« La guerre, c’est mal, mais… »

Justification, explication et acceptation : comment les Russes se sont pardonné la guerre. Vajnyïé Istorii, un média indépendant russe spécialisé dans le journalisme d’investigation, publie un extrait de la dernière étude réalisée par le Laboratoire de sociologie publique, qui montre comment, parmi ceux qui avaient été initialement choqués par l’agression russe contre l’Ukraine, beaucoup ont finalement trouvé des justifications ou ont plongé dans le conformisme.

Le Laboratoire de sociologie publique a interrogé 88 Russes choisis parmi ceux qui ne se sont pas opposés frontalement à la guerre, il s’agit de Russes qui la soutiennent complètement ou en partie. Des entretiens approfondis ont été menés afin de comprendre ce qui se passe dans leur tête (mais, bien sûr, ils ne permettent pas de connaître la proportion de personnes pour ou contre la guerre). Vajnyïé istorii publie une partie de cette étude, qui décrit comment les Russes, après le choc initial causé par l’annonce du déclenchement de la guerre, se déchargent désormais de toute responsabilité pour les actes commis par la Russie en Ukraine. Vous pouvez retrouver ici l’étude complète. Pour faciliter la lecture, nous ne signalons pas les coupures.

Reconstruire sa vision du monde ébranlée par la guerre et prendre soin de sa propre moralité

Les personnes interrogées commencent progressivement à œuvrer pour sortir de l’état de choc et de désorientation initial afin de « revenir dans le monde ». Pour ce faire, il faut reconstruire ce monde. Cependant, au lieu de condamner et de rejeter la guerre contre l’Ukraine comme un élément sortant du cadre de la norme (comme le font ceux qui s’opposent à la guerre), eux cherchent au contraire à faire entrer cet événement dans la nouvelle image du monde qu’ils se se sont construite.

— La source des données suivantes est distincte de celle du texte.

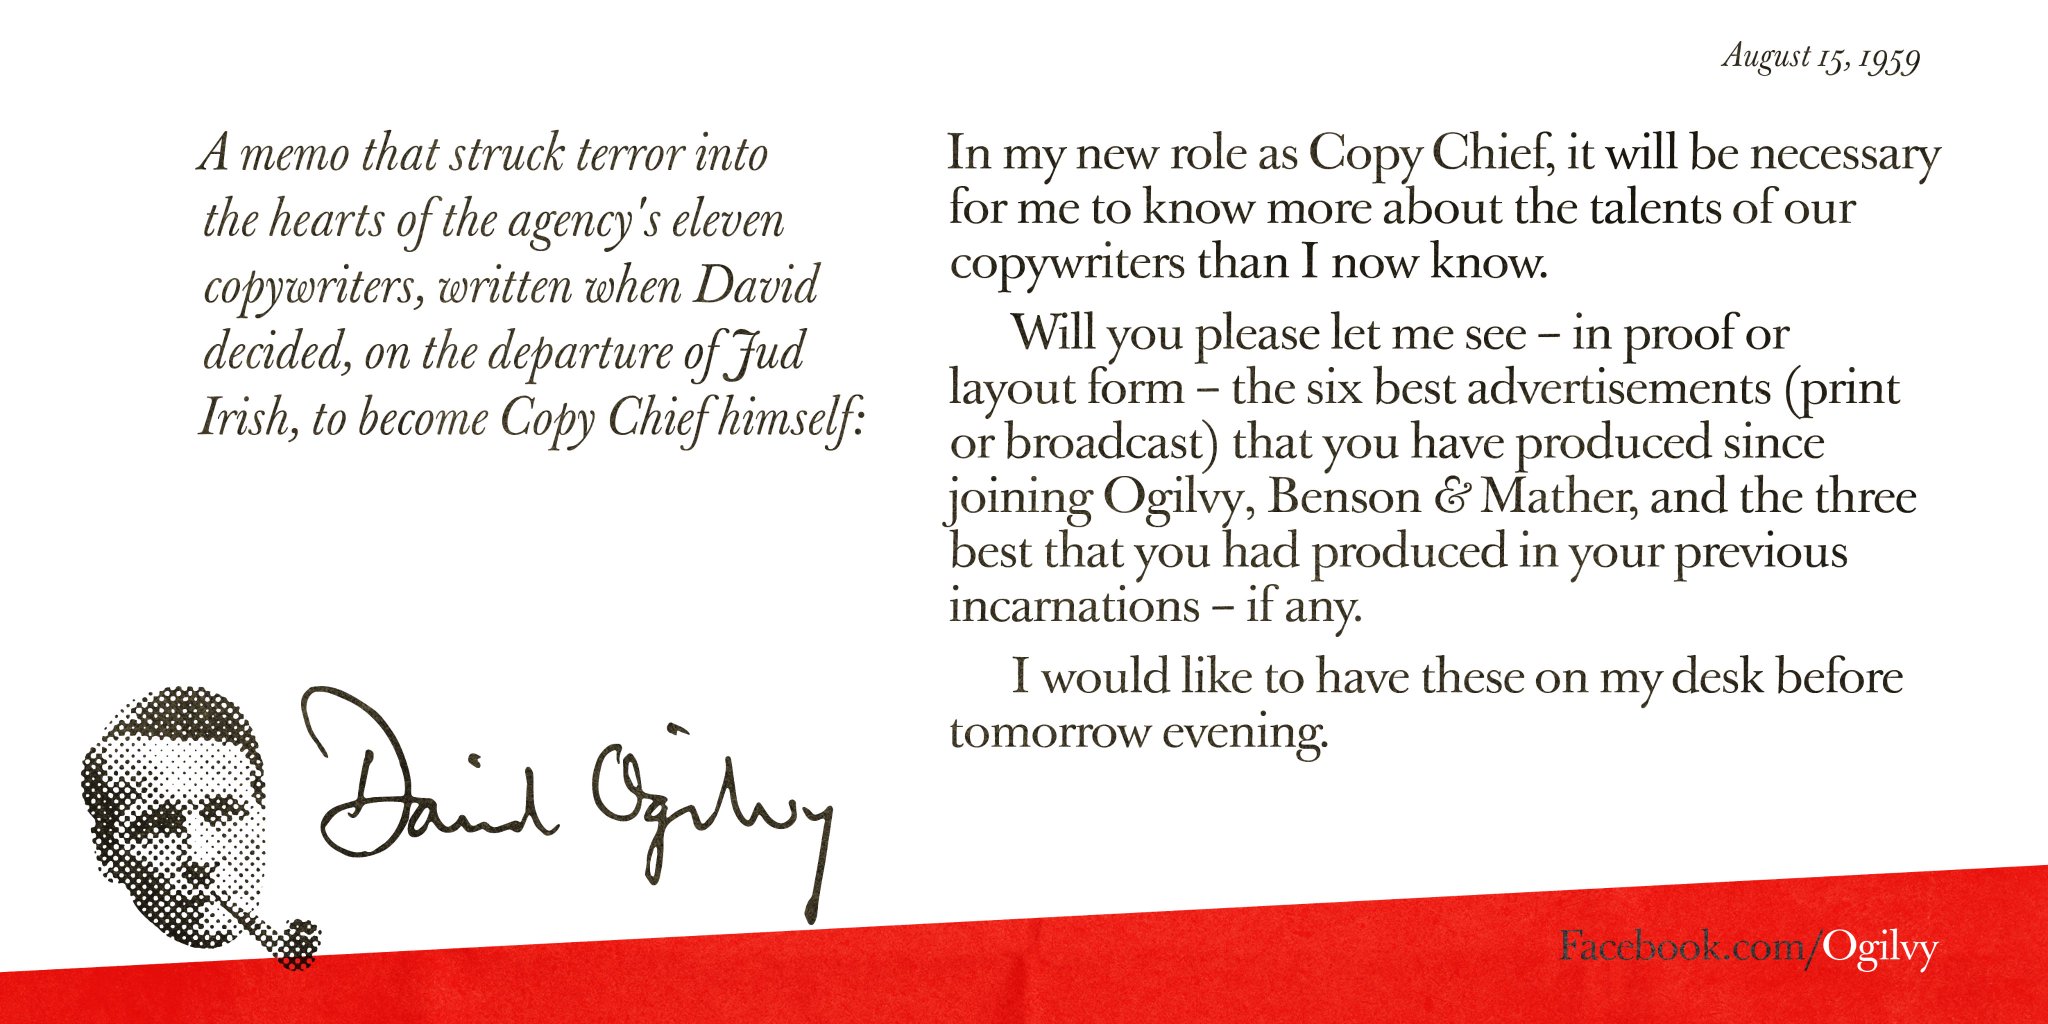 Ogilvy - 58 years ago today, #DavidOgilvy sent this memo

Pour cela, ils commencent par rechercher les raisons rationnelles de ce qui s’est produit. Voici la manière dont une personne interrogée décrit comment elle a réussi à sortir de l’état de choc provoqué par le début de la guerre, un état de choc qui l’a plongée dans le mutisme pendant trois jours :

« Question : Et ensuite, que s’est-il passé ?

Réponse : Après, j’ai recommencé à parler. Qu’est-ce qui a changé à ce moment-là ? Eh bien, en fait, ma première réaction était irrationnelle. Quand la rationalité revient, tu commences naturellement à réfléchir. Pendant trois jours, je n’arrivais pas à réfléchir, puis j’ai recommencé à le faire. »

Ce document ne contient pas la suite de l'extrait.